Estrada, who had been approached by Rabusa's lawyer on his testimony, confirmed this account to reporters.
"He had one box of documents left. But he had burned many," he told reporters. "I think he has a lot of goods left. He has a lot of ammunition left. Maybe against Secretary Reyes or the other generals concerned."
Rabusa later found out that he had kept "thousands of copies" of the burned documents, including "fund receipts" in connection with the military's use of the PCDA funds.
"These are simple receipts signed by this and that. I will be naming names of the signatories, and some of the beneficiaries of the PCDA controlled by the chief of staff," he said.
Drag down Garcia, Ligot
These pieces of evidence would "further drag down" Garcia and Ligot, both facing charges in court, Rabusa said.
"Maybe," he replied when asked if this would pin down Reyes, Villanueva and Cimatu. "Let's just wait for the hearing."
Rabusa said the documentary evidence would stand in court and be sufficient to convict officials. He, however, said he had no knowledge if then President Gloria Macapagal-Arroyo was aware of this standard practice of payoffs to the top brass.
Rabusa's then subordinate, Col. Antonio "Sonny" Lim, could corroborate his testimony on the delivery of the dollar equivalent of P50 million to Reyes at the defense department's White House, according to Estrada.

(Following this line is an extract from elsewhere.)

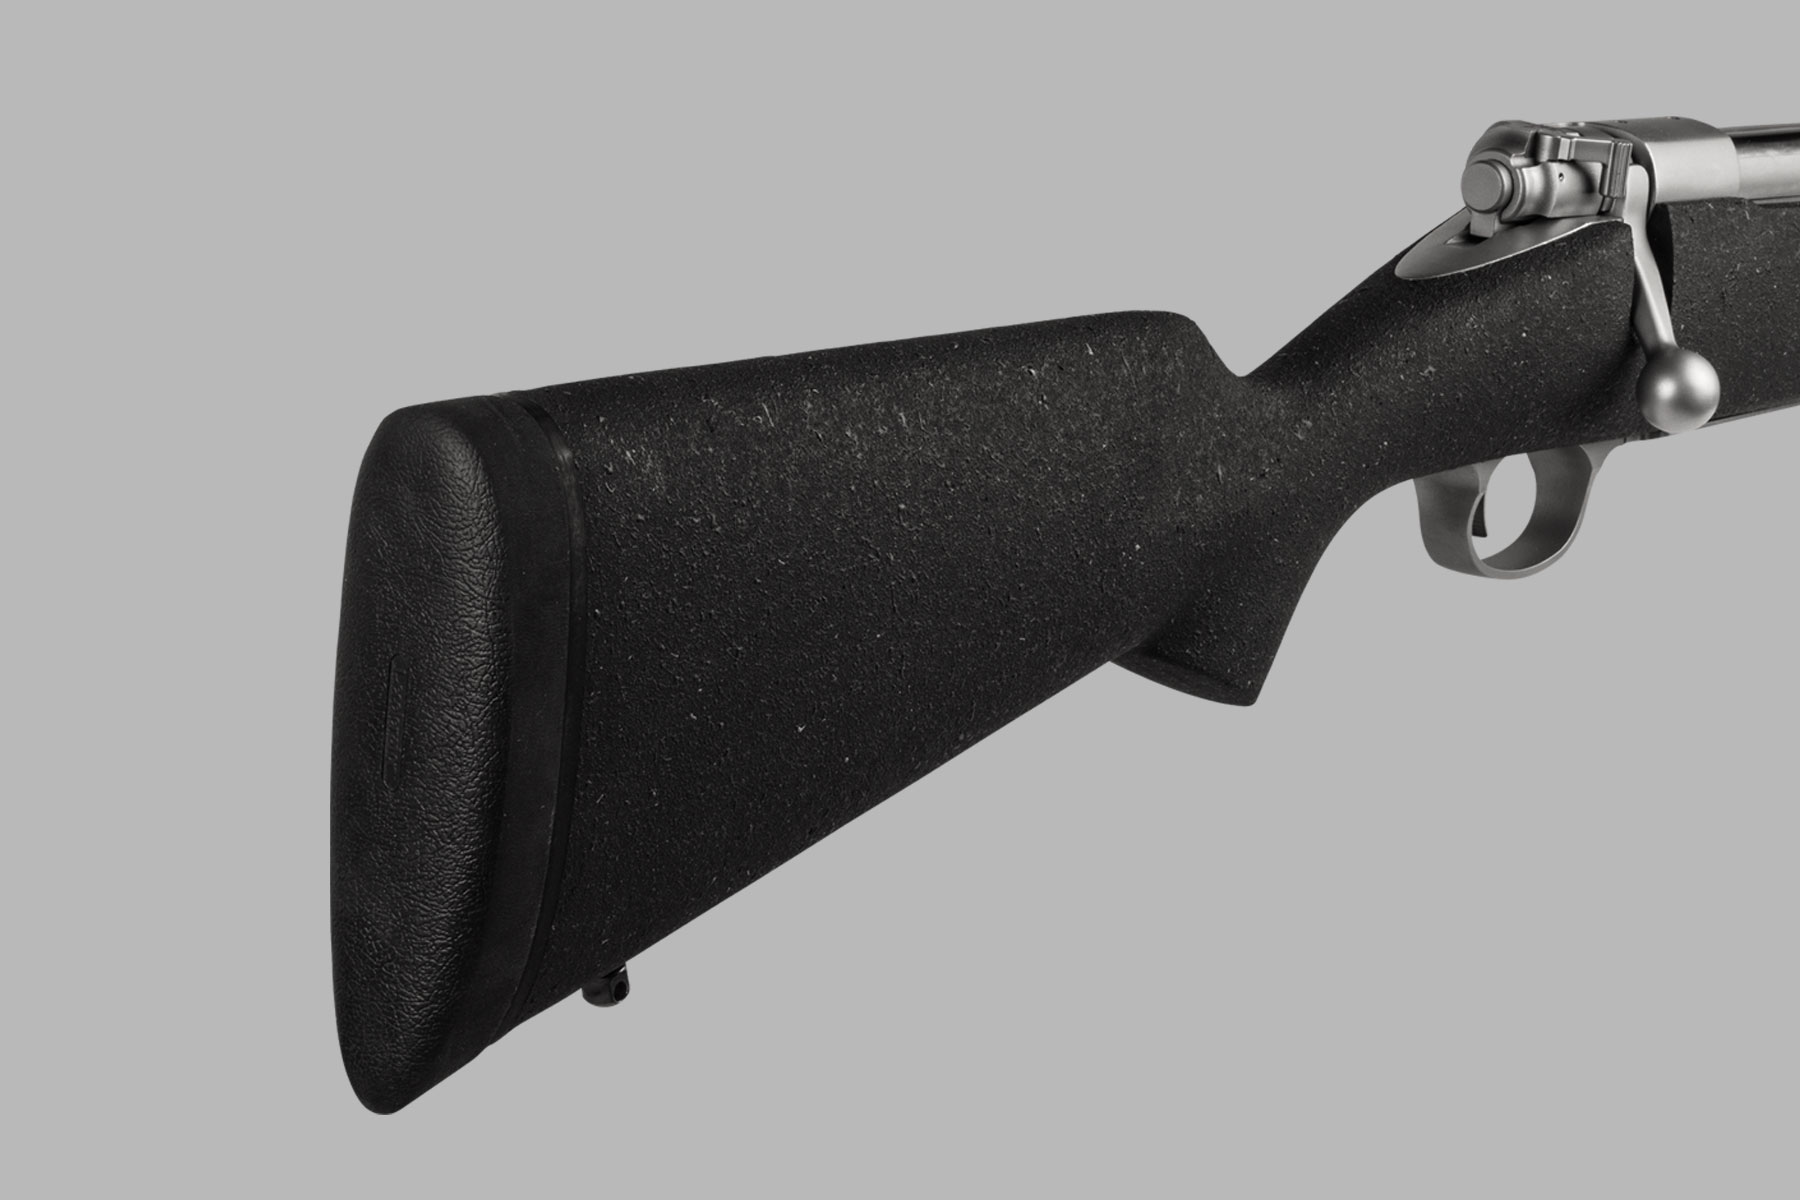 montana-rifle-03.jpg

"While seated at the roundtable, Reyes asked his guests what kind of future awaits him after his retirement. Rabusa, Lim, [Ligot], answered him, 'Perhaps, you'd become SND (Secretary of National Defense).' That's what he got after he retired," Estrada said. "That was what Colonel Rabusa narrated to me."
After the meeting, Reyes handed envelopes to Ligot and Rabusa, according to Estrada, who disclosed that the envelope for Rabusa contained $10,000.
Estrada said he would also request the blue ribbon committee to invite Lim to the next hearing.
Meeting with Reyes
Rabusa said he went to the house of Reyes in Taguig City on Jan. 22 to brief him on the "budget cycle" for the then upcoming blue ribbon committee hearing. After hours of briefing that lasted into the night, Rabusa said Reyes later handed him P10,000.
At the time, Reyes had no inkling Rabusa would also appear at the same inquiry.
Through their common lawyer, Rabusa said he had been asked to help Estrada formulate questions for Reyes at Thursday's hearing.
Both Estrada and Rabusa shrugged off the complaint filed by Reyes in the Ombudsman, saying he had the right to do this and that they would answer this at the proper time.
Estrada gave reporters a glimpse of his statement at the committee hearing on Jan. 27 when he disclosed that he had documents showing that Reyes' wife Teresita and Ligot's wife Erlinda made travels abroad using military funds.